Sound systems that use 7 speakers and one subwoofer

Label for 7.1 extended surround sound

7.1 surround sound is the common name for an eight-channel surround audio system commonly used in home theatre configurations. It adds two additional speakers to the more conventional six-channel (5.1) audio configuration. As with 5.1 surround sound, 7.1 surround sound positional audio uses the standard front left and right, center, and LFE (subwoofer) speaker configuration. However, whereas a 5.1 surround sound system combines both surround and rear channel effects into two channels (commonly configured in home theatre set-ups as two rear surround speakers), a 7.1 surround system splits the surround and rear channel information into four distinct channels, in which sound effects are directed to left and right surround channels (SL and SR), plus two rear surround channels (SBL and SBR).

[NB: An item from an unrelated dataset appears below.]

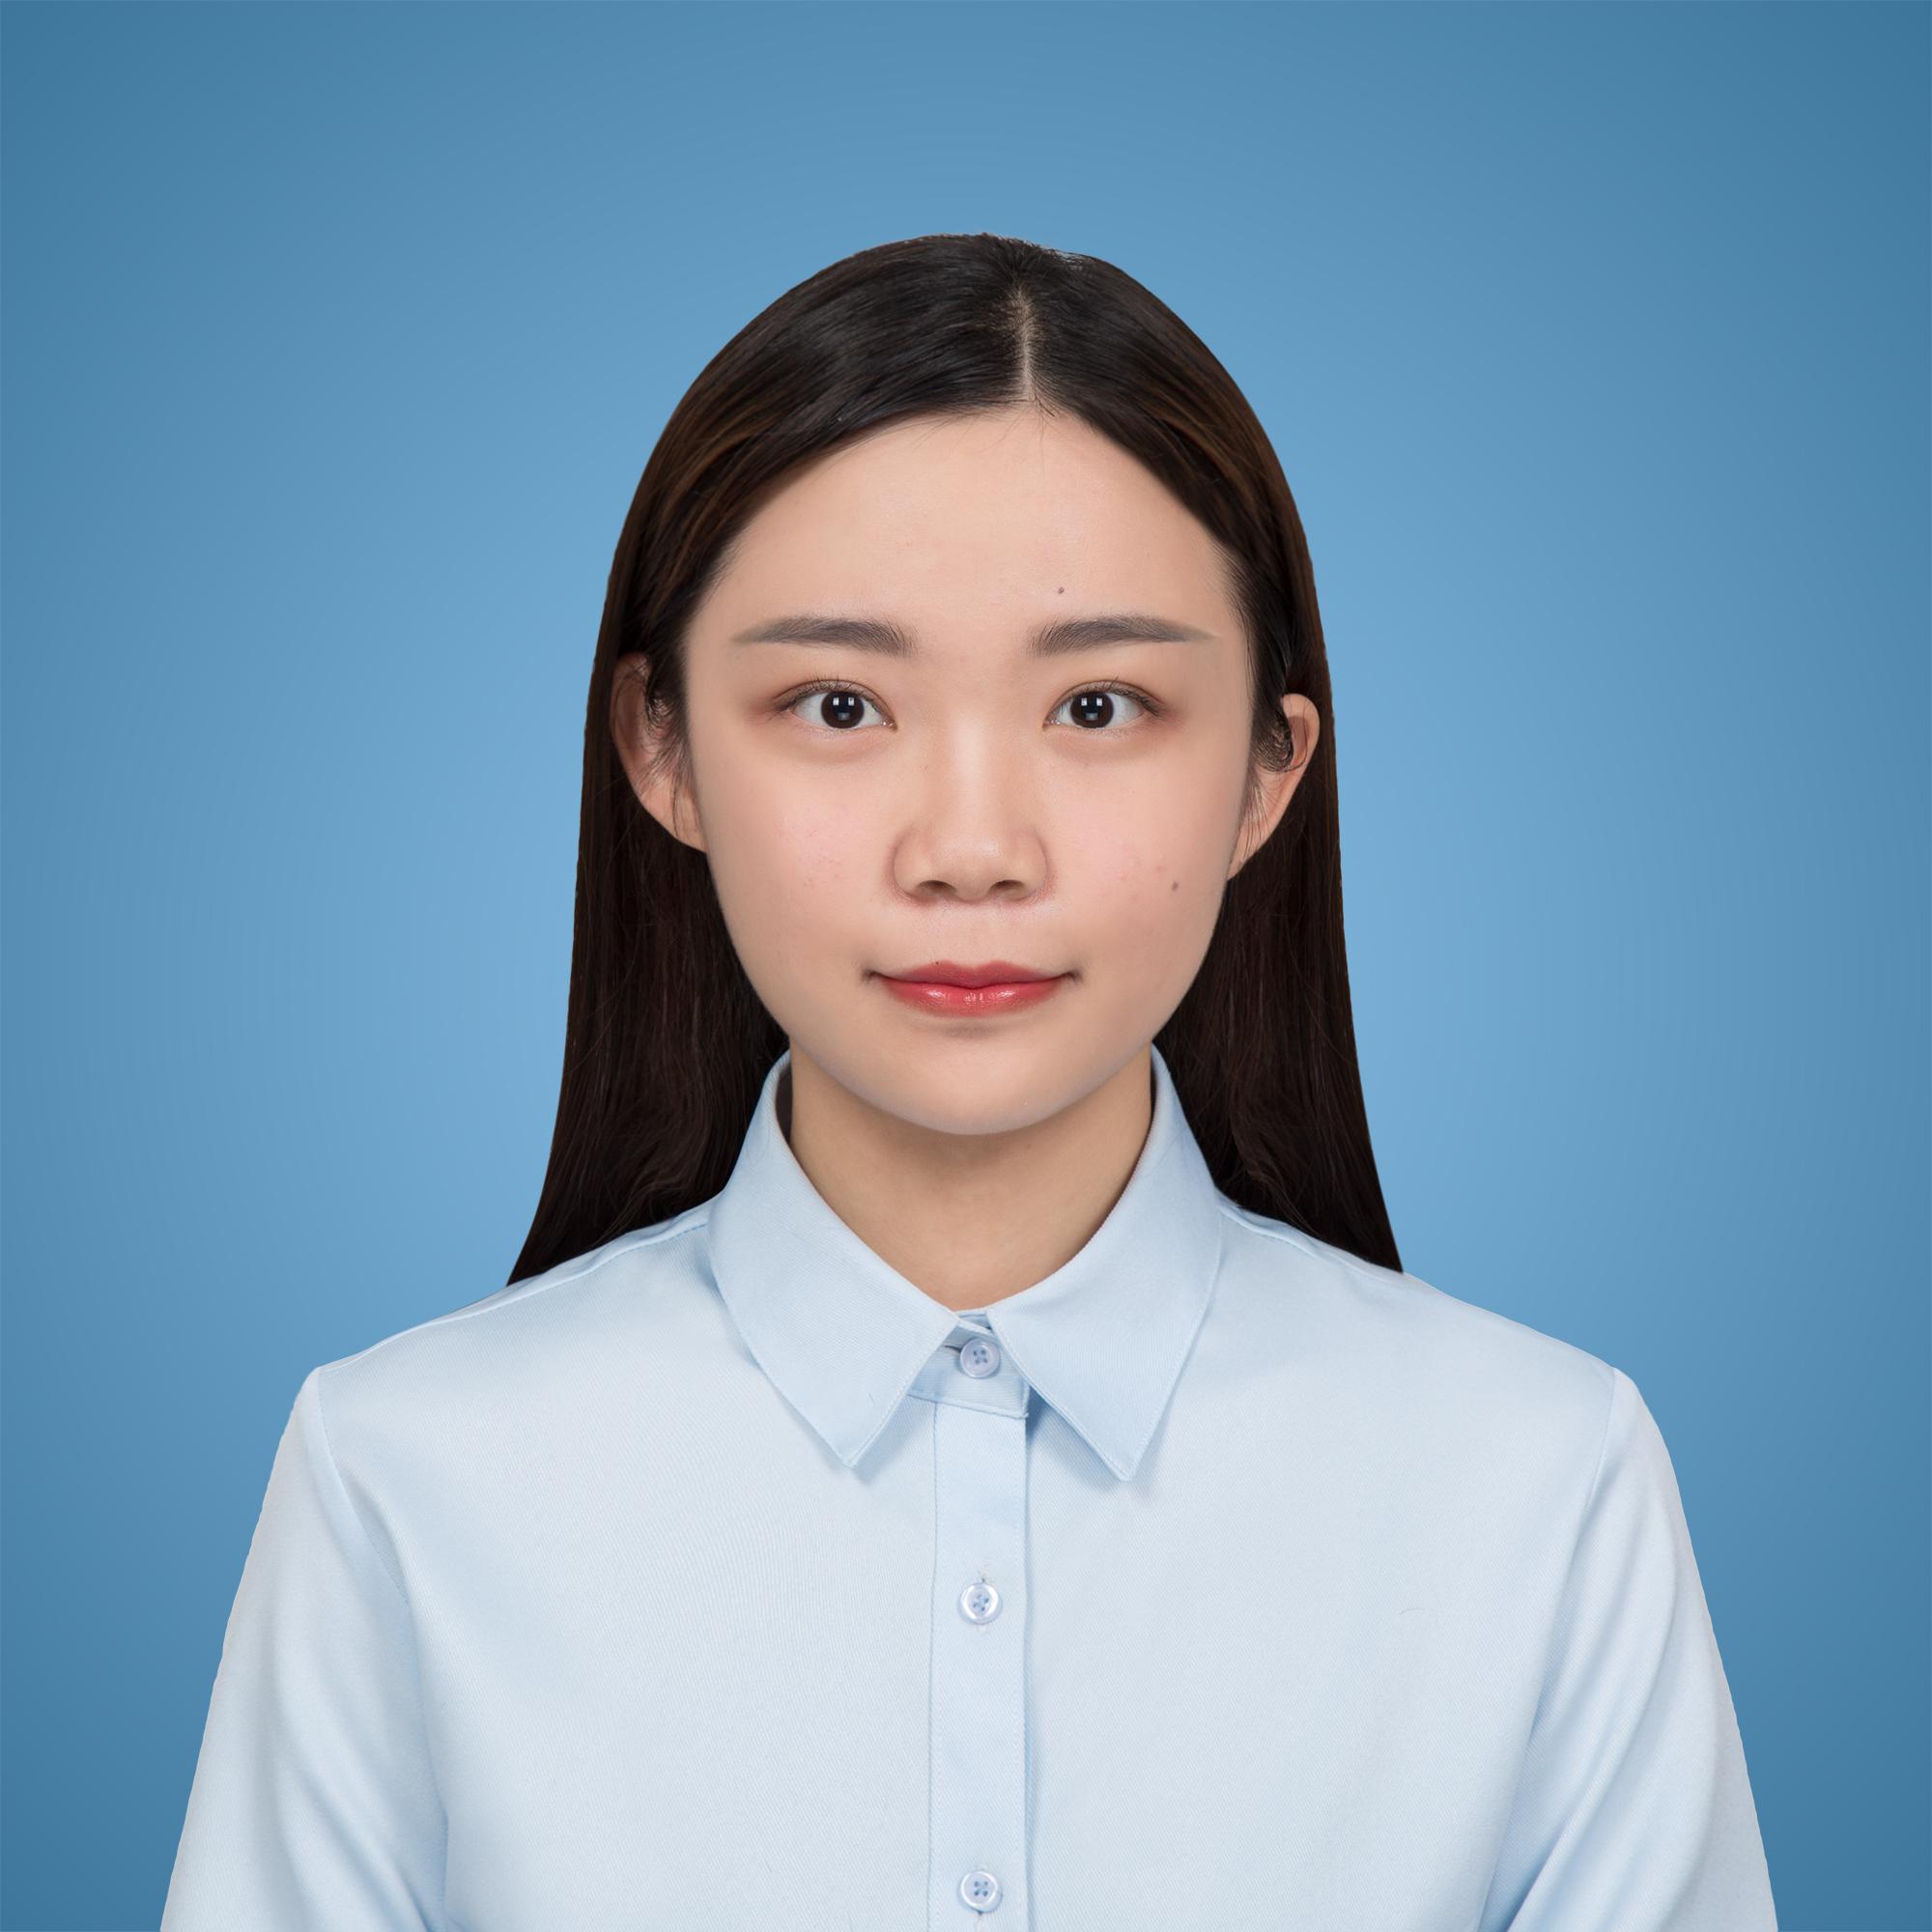 广州家教梁教员

In a 7.1 surround sound home theatre set-up, the surround speakers are placed to the side of the listener's position and the rear speakers are placed behind the listener. In addition, with the advent of Dolby Pro Logic IIz and DTS Neo:X, 7.1 surround sound can also refer to 7.1 surround sound configurations with the addition of two front height channels (LH and RH) positioned above the front channels or two front wide channels positioned between the front and surround channels.

==History==
===Home entertainment===
The Blu-ray Disc and HD DVD home video formats provide up to eight channels of lossless DTS-HD Master Audio, Dolby TrueHD or uncompressed LPCM audio at 96/48 kHz 24/16-bit, or lossy Dolby Digital Plus up to 48 kHz at 1024 kilobytes per second.

===Cinema===
While some movies have been remixed to 7.1 audio tracks on Blu-ray Discs for home cinema, the first discrete theatrical 7.1 soundtrack was Toy Story 3 in 2010. Other films with 7.1 soundtracks from 2010 include Step Up 3D, Megamind, Tangled, Tron: Legacy, Gulliver's Travels, and The Chronicles of Narnia: The Voyage of the Dawn Treader. 2011 saw more films release with theatrical 7.1 audio, including Gnomeo & Juliet, Mars Needs Moms, Thor, Pirates of the Caribbean: On Stranger Tides, Kung Fu Panda 2, Super 8, Green Lantern, Cars 2, Transformers: Dark of the Moon, Captain America: The First Avenger. In 2012, the Indian film Pizza became the first Tamil language film to be released with theatrical 7.1 surround. All aforementioned titles were exhibited in the Dolby Surround 7.1 theatrical format.

===Music===

The history of electronic music includes the evolution of multi-channel playback in concert (arguably the real roots of "surround sound" for cinema) and for a considerable time the 8-channel format was a de facto standard. This standardisation was fostered, in great measure, by the development of professional and semi-professional 8-track tape recorders—originally analog, but later manifesting in proprietary cassette formats by Alesis and Tascam. The speaker configuration, however, is much less traditional, and unlike cinematic reproduction systems, there is no hard-and-fast "standard". In fact, composers took (and to some extent still take) considerable interest in experimenting with speaker layouts. In these experiments, the goal is not limited to creating "realistic" playback of believably natural sonic environments. Rather, the goals are often simply to experience and understand the psychoacoustics effect created by variations on source and imaging.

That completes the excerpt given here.